Sometimes, problems can occur simply because many independent scientists have an interest in answering the same question. If one of them finds a concerning result that the others didn’t find, guess which study you’re going to hear about? An example that drives me crazy is the controversy about aspartame, “one of the most thoroughly tested and studied food additives [the FDA] has ever approved.” In addition to the fact that there’s a body of evidence showing that it’s perfectly safe, remember that it’s replacing sugar, which isn’t exactly a health food. These types of situations put scientists in a tough spot, because science never says “okay, we’re 100% sure it’s fine now.” However, from a practical point of view, people should at some point should accept the consensus and worry about other things, like texting and driving. In fact, there’s probably someone out there behind the wheel right now texting to their friend about how dangerous aspartame is and that they should be sucking down 150 calories of liquefied sugar instead. When someone digs the cell-phone out of the wreckage, it will have this sentence still waiting to be sent: “NutraSweet has only been around since 1965, they don’t know what happens after FIFTY…”

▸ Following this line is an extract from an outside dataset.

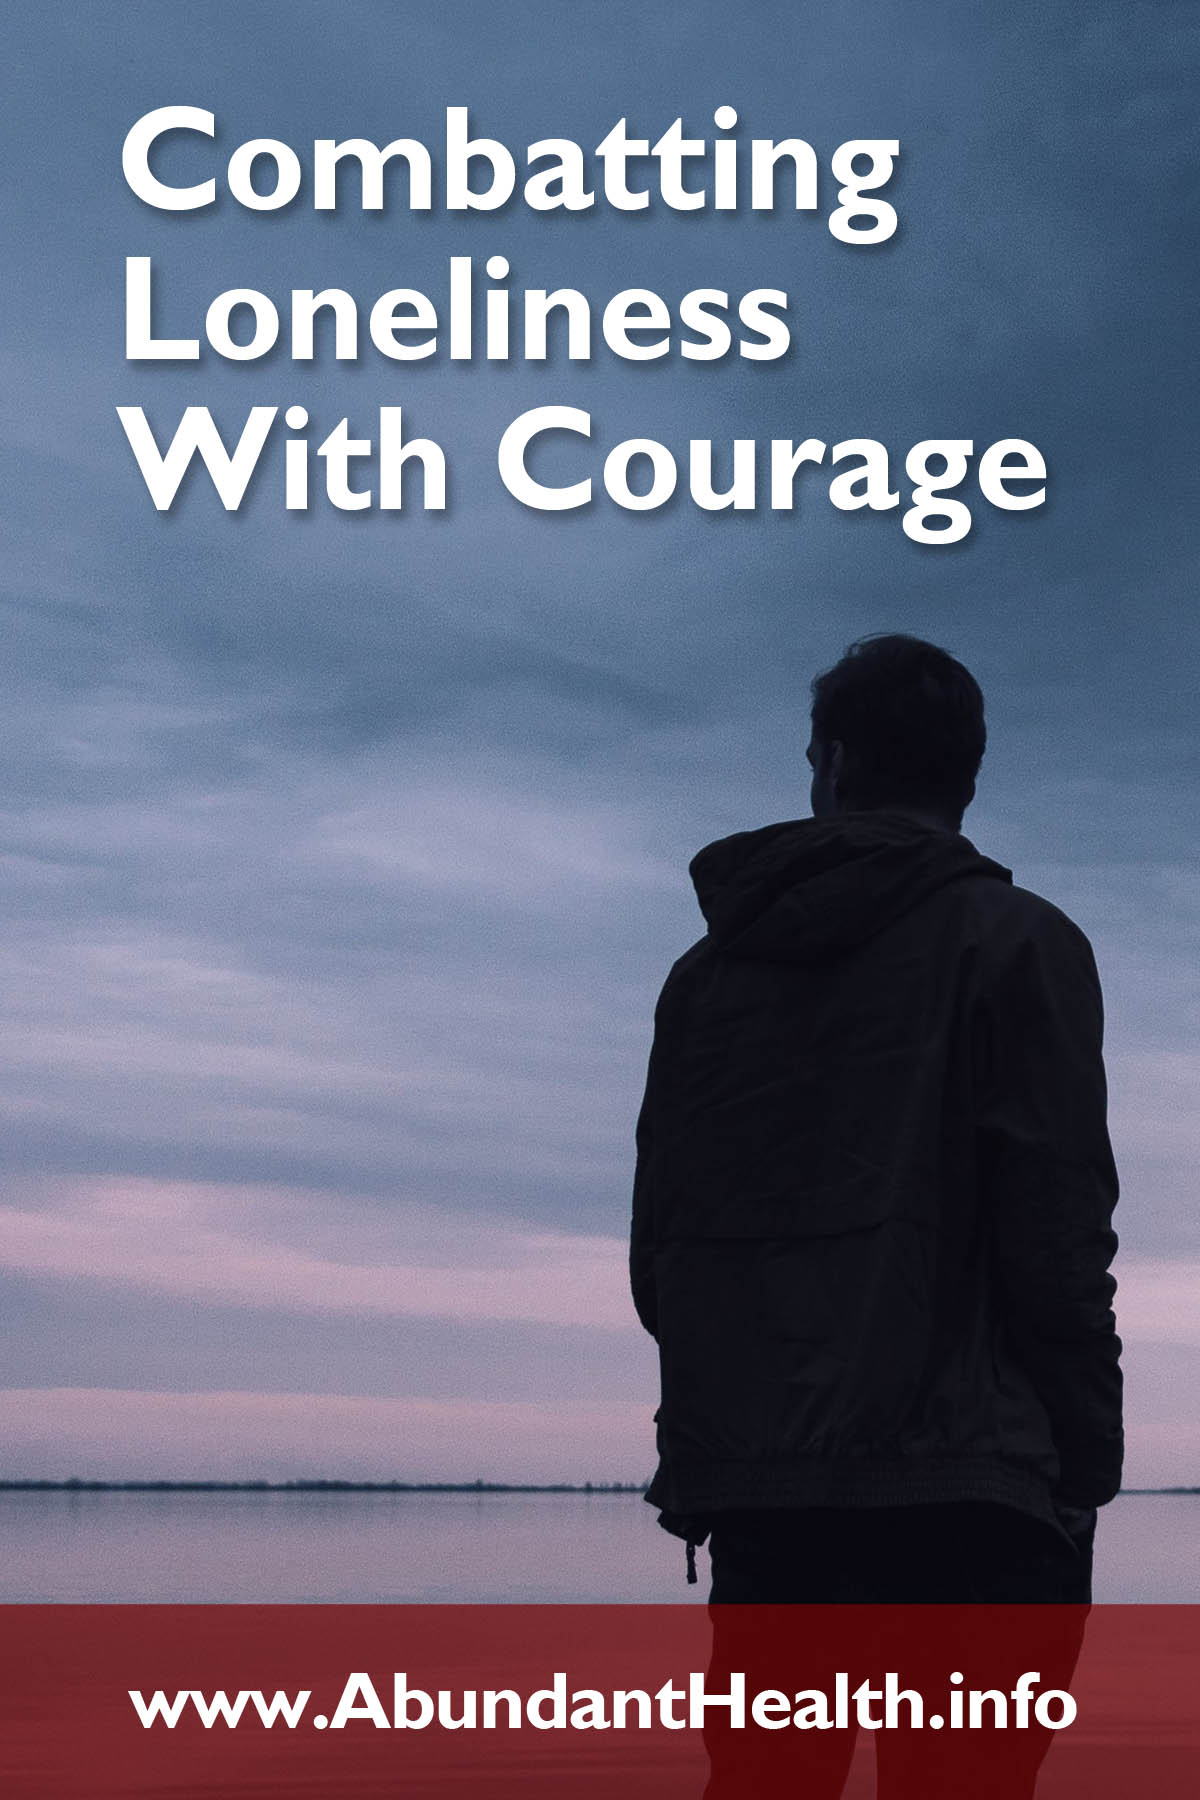 Combatting Loneliness With Courage

Another fear that seems to live forever is the idea that cell phone usage causes brain cancer. Despite the fact that any physicist can tell you that radiation of that frequency is non-ionizing and therefore has no known mechanism by which it can harm you, public fear drives scientists to test and re-test and re-test until one of them eventually finds that there may be a concern, which drives more fear and more studies! It seems like a harmless endeavor to simply run experiments, but the problem arises when there are so many studies that the usual standards of significance do not imply meaningfulness of results. If you’re still worried about stuff like this, I think it helps to suppose there is a risk and then imagine what the impact would be in the world. I’m pretty sure you’re not thinking it would look like this chart from the link above…
Until there’s a worldwide spike in brain cancer, I just don’t see the point in worrying about this.
Once, when I hesitated to unleash an automated optimization program across the network without first doing a controlled test, my boss asked “What are you saying? It’s not going to find significance?” and I quipped “oh, it will find significance. It just won’t be significant.”